##Problem
## KTV ##
One song is extremely popular recently, so you and your
friends decided to sing it in KTV. The song has 3 characters,
so exactly 3 people should sing together each time (yes,
there are 3 microphones in the room). There are exactly 9
people, so you decided that each person sings exactly once. In
other words, all the people are divided into 3 disjoint groups,
so that every person is in exactly one group.
However, some people don’t want to sing with some other
people, and some combinations perform worse than others
combinations. Given a score for every possible combination
of 3 people, what is the largest possible score for all the 3
groups?
Input
The input consists of at most 1000 test cases. Each case begins with a line containing a single integer n
(0 < n < 81), the number of possible combinations. The next n lines each contains 4 positive integers
a, b, c, s (1 ≤ a < b < c ≤ 9, 0 < s < 10000), that means a score of s is given to the combination
(a, b, c). The last case is followed by a single zero, which should not be processed.
Output
For each test case, print the case number and the largest score. If it is impossible, print ‘-1’.
Sample Input
3
1 2 3 1
4 5 6 2
7 8 9 3
4
1 2 3 1
1 4 5 2
1 6 7 3
1 8 9 4
0
Sample Output
Case 1: 6
Case 2: -1
题目大意:
有9个人去KTV唱歌,三个人一组,分为三组,且一个人只能进一组。有些人不想和其他某些人一起唱歌,所以不同的分组最后的歌曲得分是不一样的。

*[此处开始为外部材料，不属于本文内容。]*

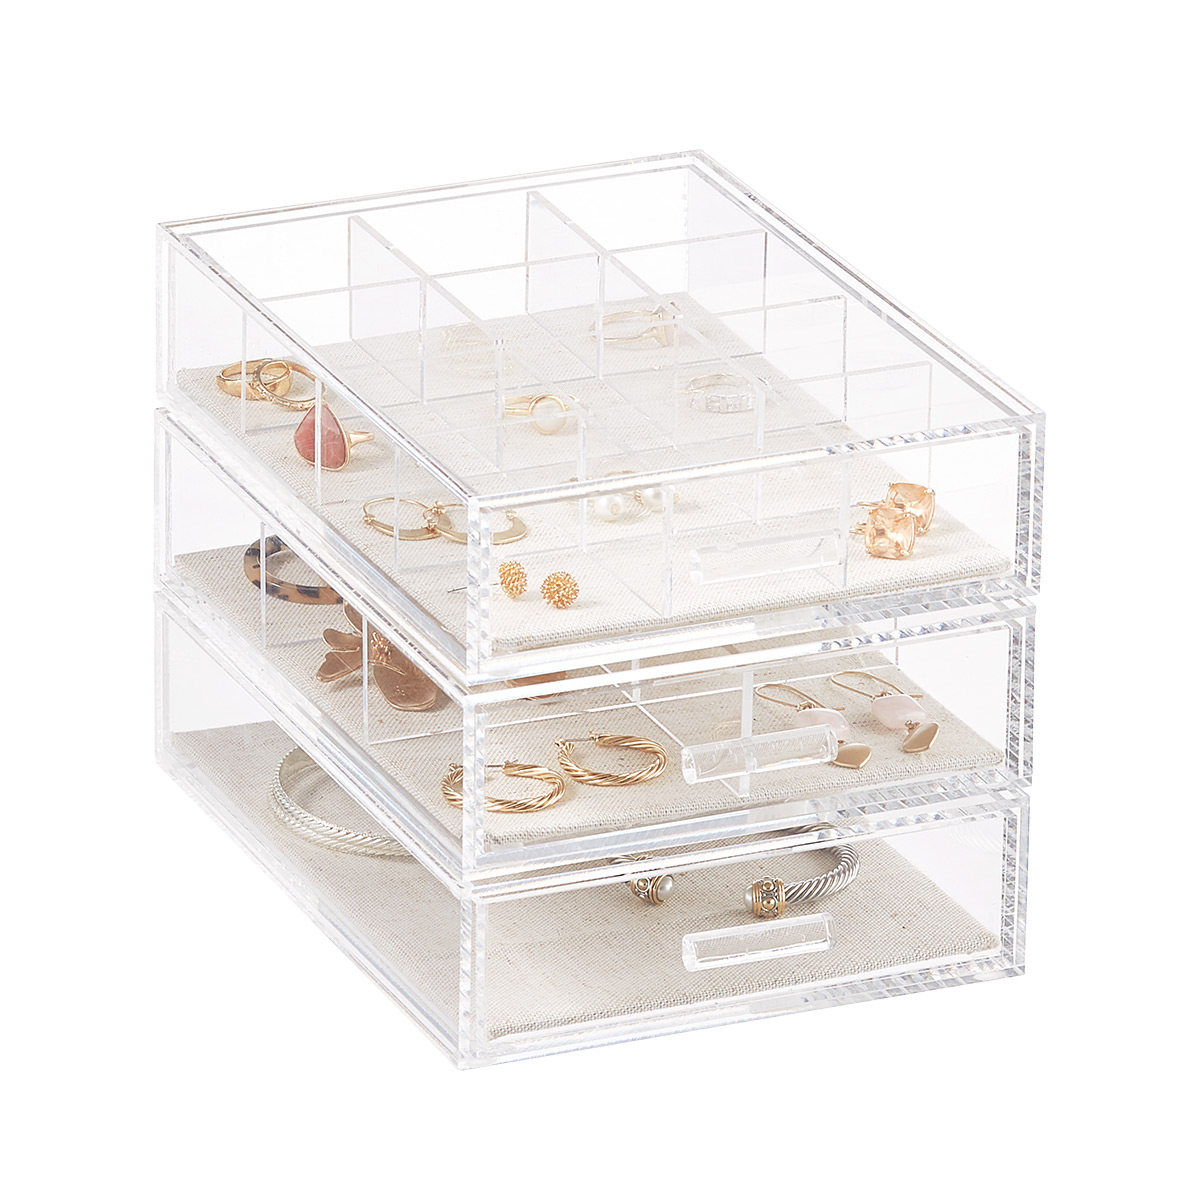 https://www.containerstore.com/catalogimages/392862/10081575g-narrow-acrylic-jewelry-dra.jpg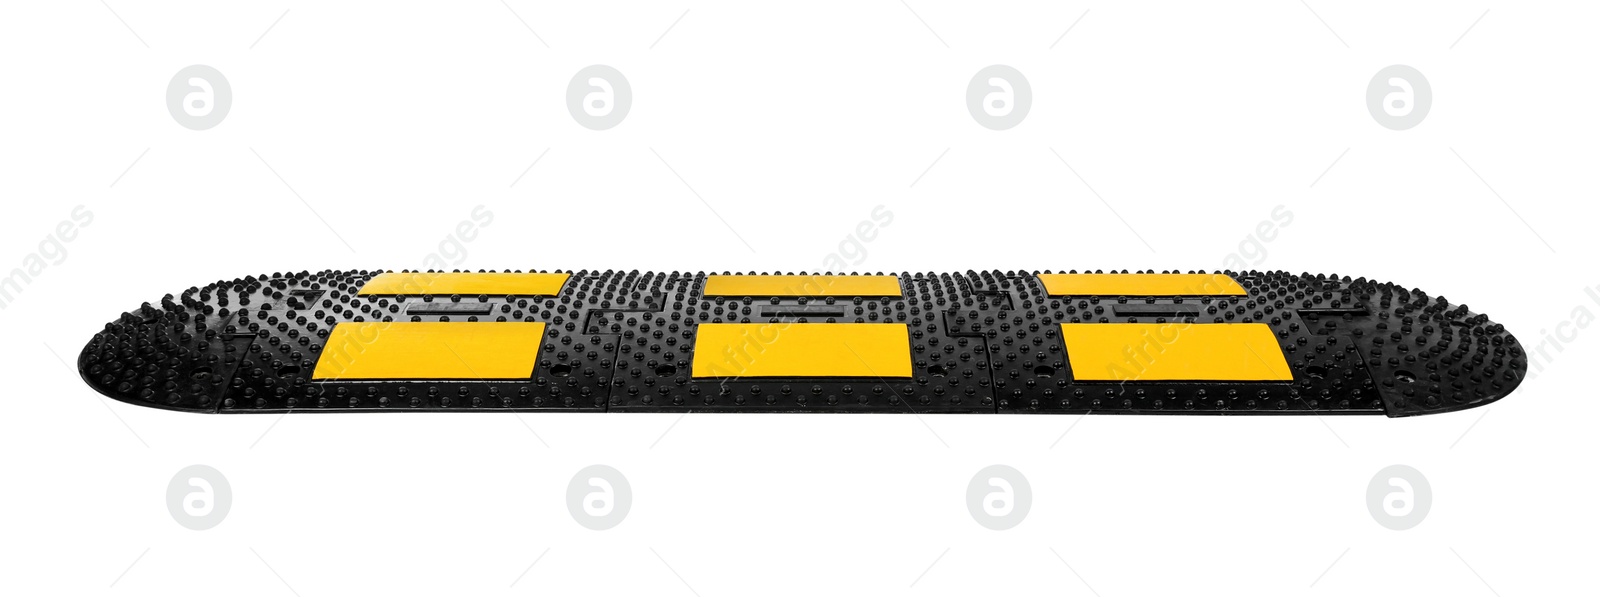 Photo of Speed bump isolated on white. Traffic calming device

现在有n组,每组有3人编号依次为a,b,c,相对应歌曲得分为s。现在找出其中三组,使得每个人都只出现一次,且总分得分最高。找出并求得最高得分的三组。
解题方法:
用DFS暴力枚举出所有情况,找出最高得分。
代码如下:
#include<iostream>
#include<string.h>
using namespace std;
int n;
bool vis[15];
int maxn;
struct
{
int a,b,c,s;
} comb[85];
void dfs(int t,int sum)
{
for(int i=0; i<n; i++)
{
if(t==3)
{
if(maxn<sum)
maxn=sum;
return;
}
if(!vis[comb[i].a]&&!vis[comb[i].b]&&!vis[comb[i].c])
{
vis[comb[i].a]=vis[comb[i].b]=vis[comb[i].c]=1;
// sum+=comb[i].s; 此处是我之前的错误,改变了sum的值,导致在回溯过程中出错
dfs(t+1,sum+comb[i].s);
vis[comb[i].a]=vis[comb[i].b]=vis[comb[i].c]=0;
}
}
}
int main()
{
int i;
int p=1;
while(cin>>n)
{
if(!n) break;
maxn=-1;
memset(vis,0,sizeof(vis));
for(i=0; i<n; i++)
{
cin>>comb[i].a>>comb[i].b>>comb[i].c>>comb[i].s;
}
dfs(0,0);
cout<<"Case "<<p++<<": "<<maxn<<endl;
}
}
现在来分析一下前面那个我师兄说很智障,但是我觉得很有意义的错误(其实就是我很菜)。
错误代码:
sum+=comb[i].s;
dfs(t+1,sum);在回溯过程中这个问题就暴露出来了,导致结果成了这样:
(其中的过程很有意思,可以自己改变输入输出看看其中的过程)
3
1 2 3 1
4 5 6 2
7 8 9 3
Case 1: 10
4
1 2 3 1
1 4 5 2
1 6 7 3
1 8 9 4
Case 2: -1
0~不积跬步无以至千里,不积小流无以成江海